> **Exercise**
In the material below, find the line containing "ricardo trading grasscloth" and the line containing "Kale Naturals® 3-in-1 Wash". Output those two lines and all lines between them exactly, without pictures.

> **Data records**
=-=-=-=-=

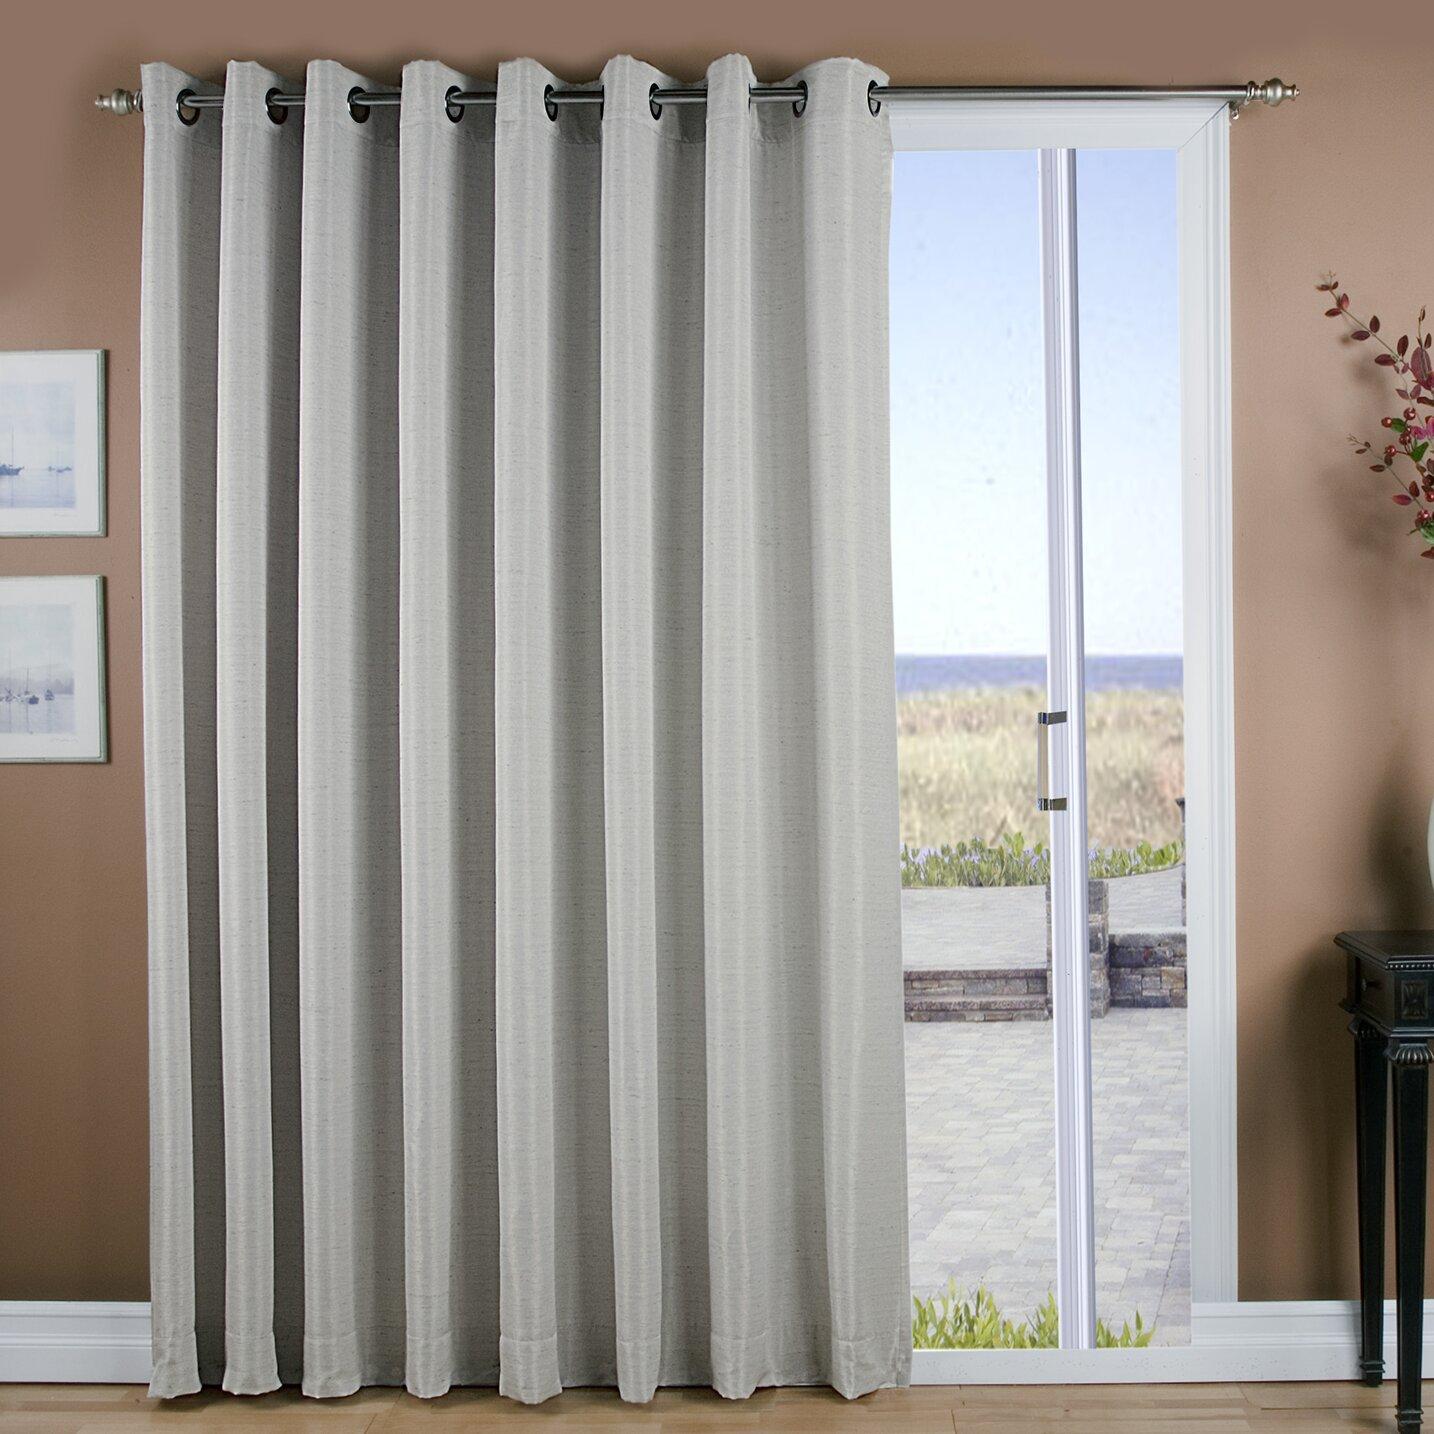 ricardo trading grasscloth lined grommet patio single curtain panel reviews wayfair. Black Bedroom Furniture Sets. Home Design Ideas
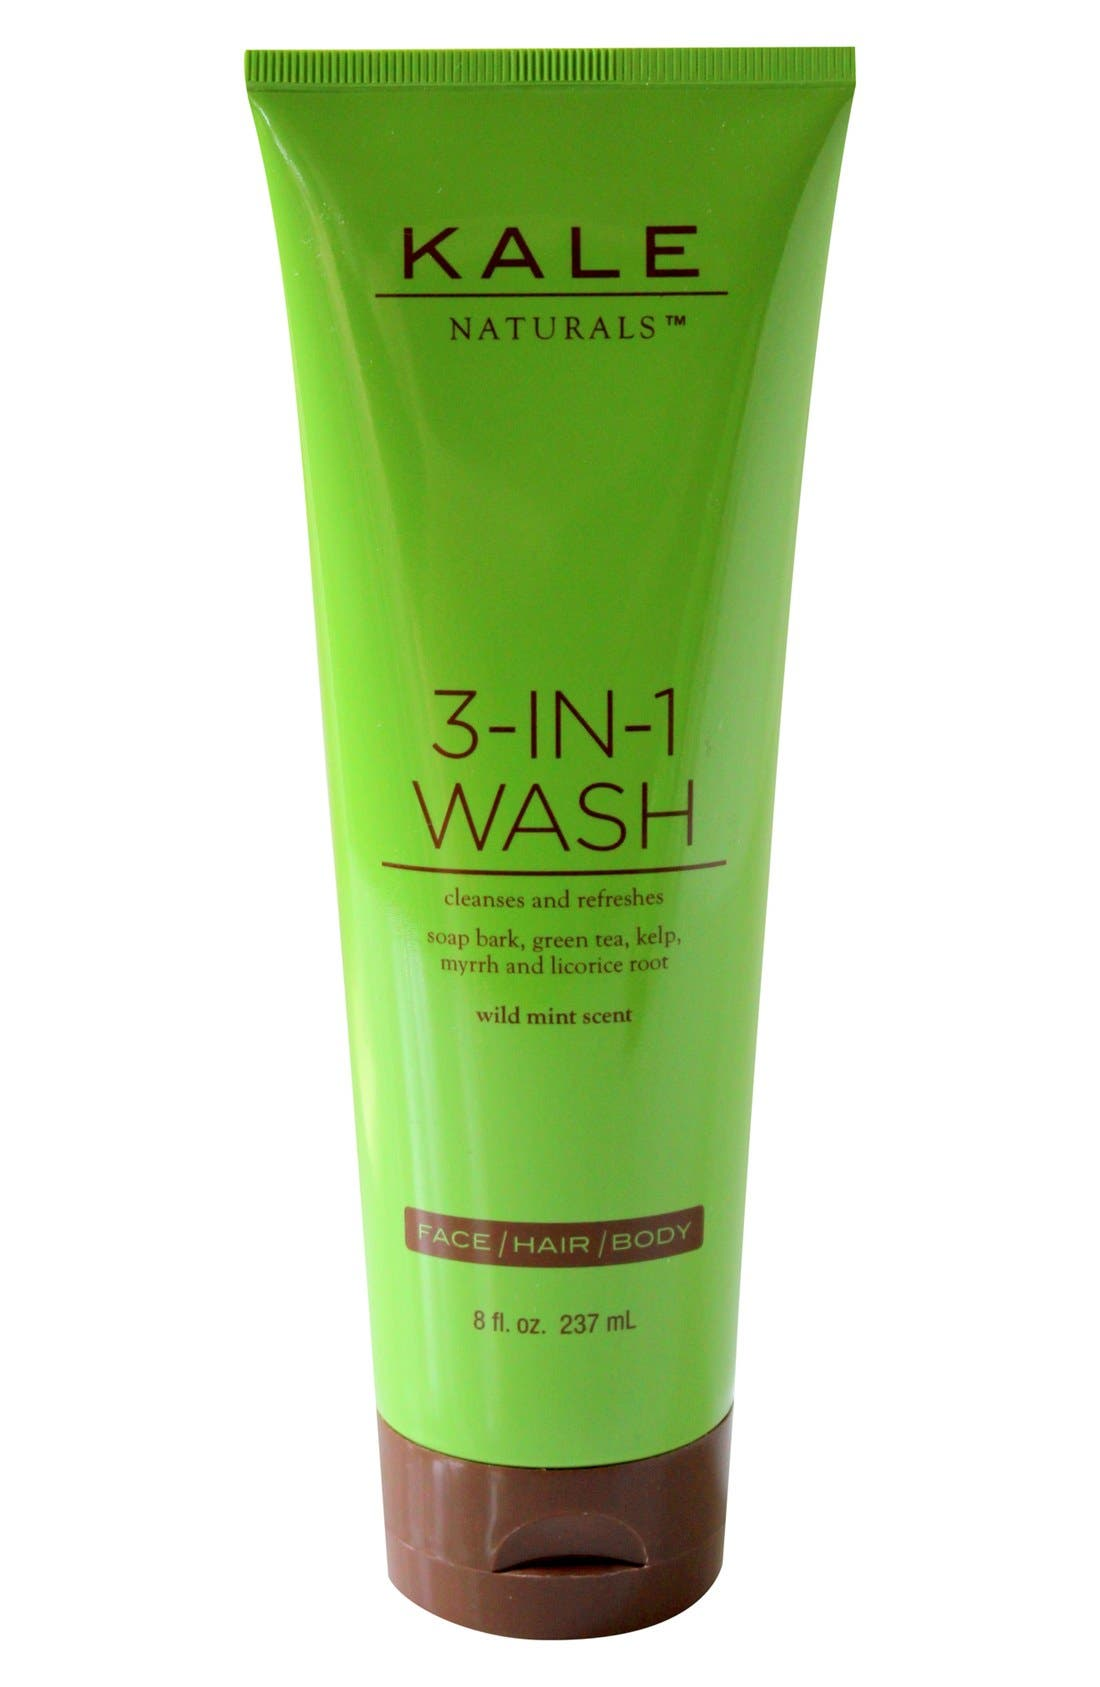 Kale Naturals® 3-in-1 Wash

=-=-=-=-=

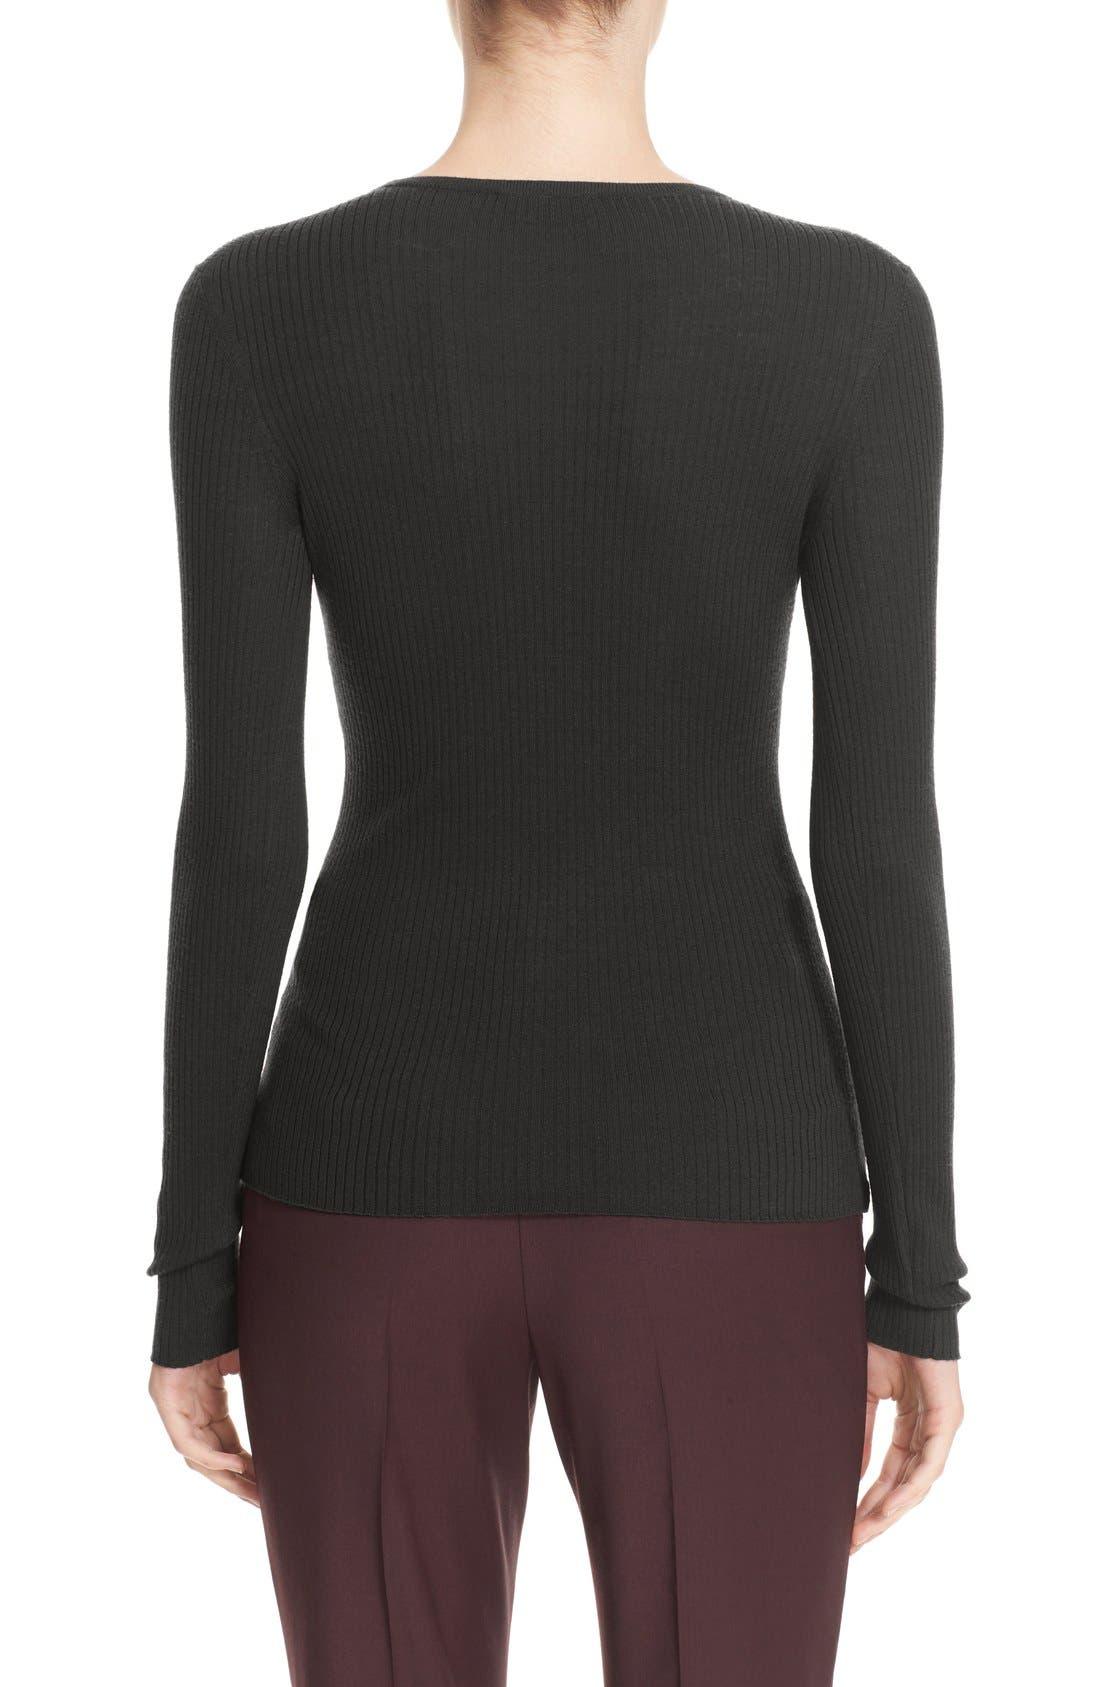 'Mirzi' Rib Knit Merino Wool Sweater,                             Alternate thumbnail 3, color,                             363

=-=-=-=-=

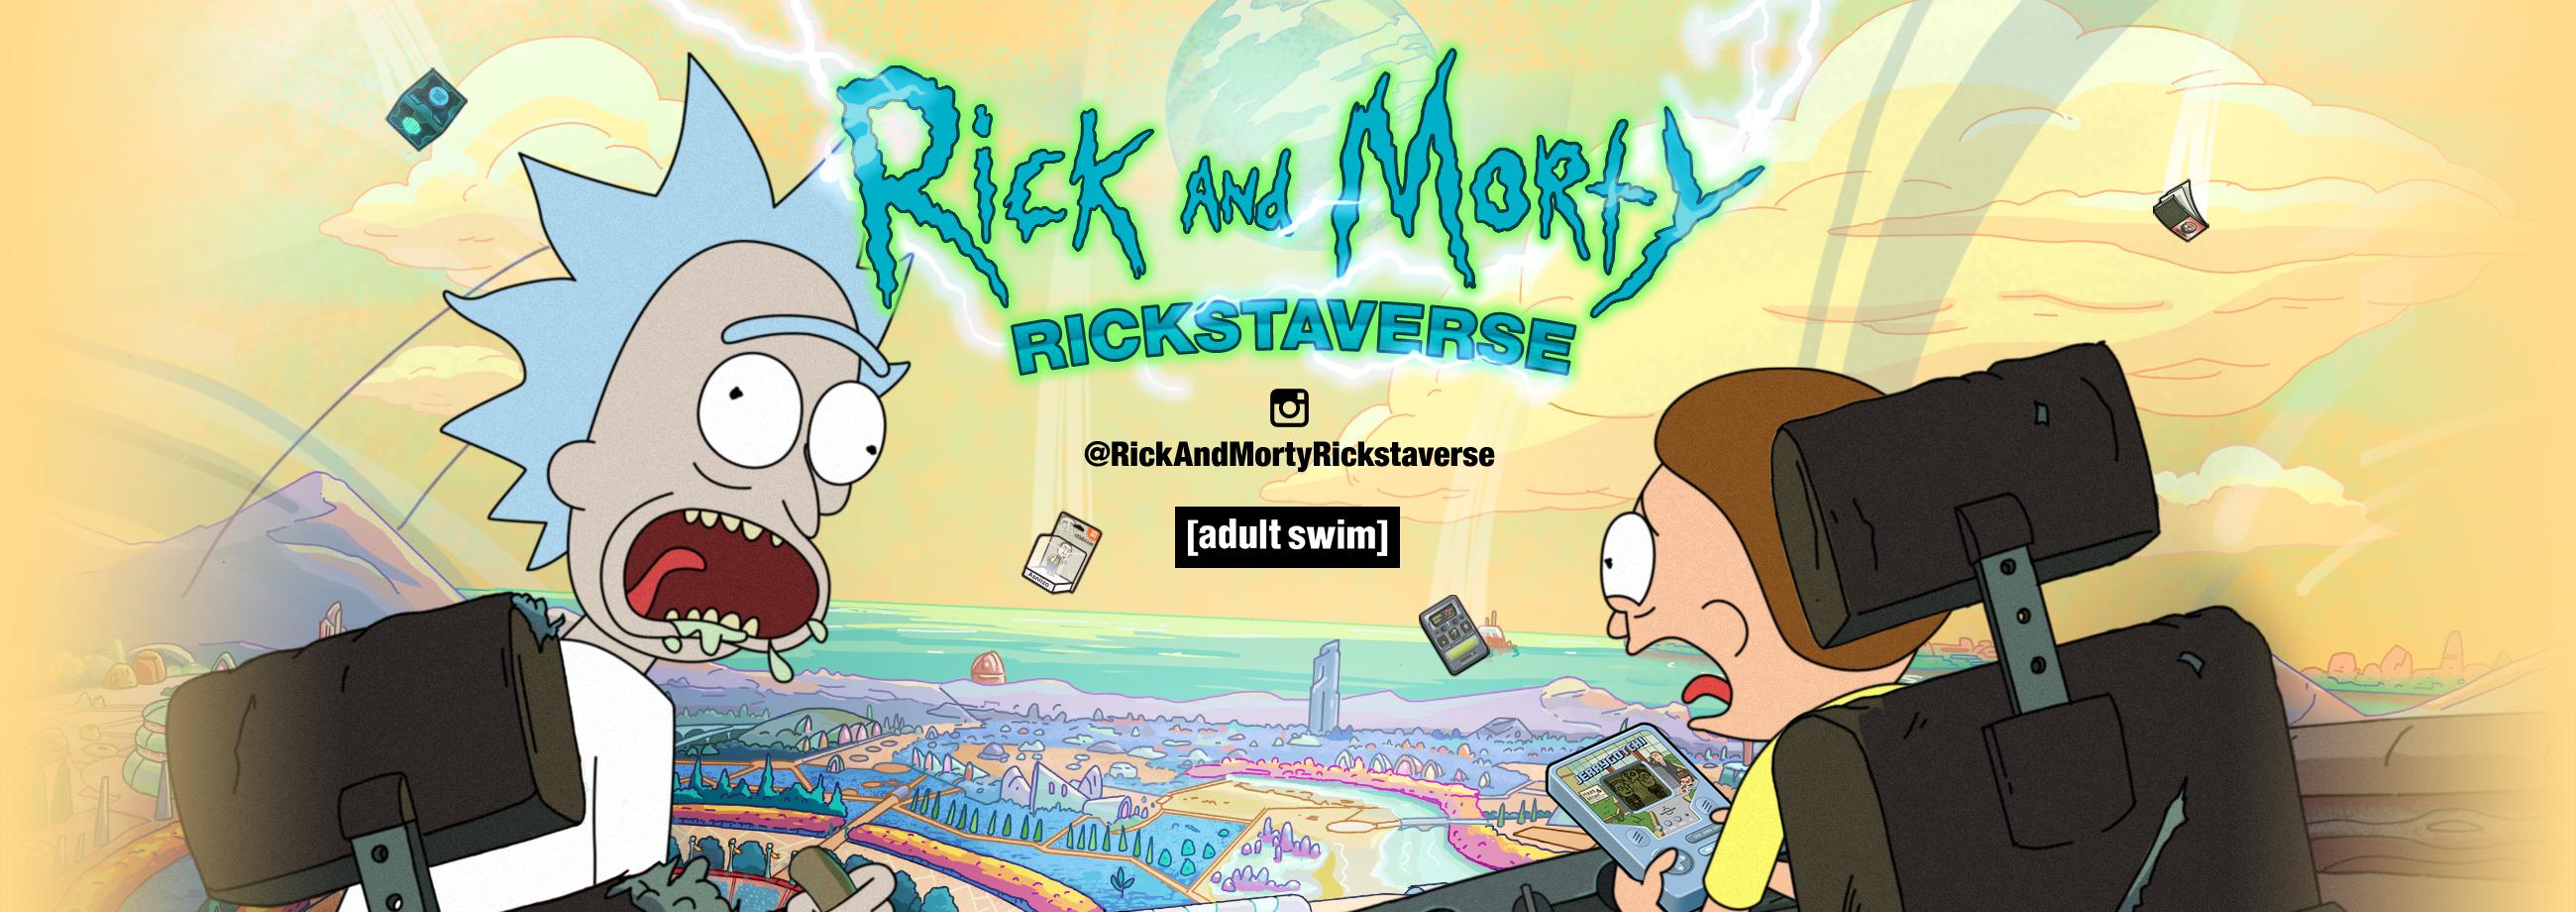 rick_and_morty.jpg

=-=-=-=-=

> **Answer area**
 ricardo trading grasscloth lined grommet patio single curtain panel reviews wayfair. Black Bedroom Furniture Sets. Home Design Ideas
 Kale Naturals® 3-in-1 Wash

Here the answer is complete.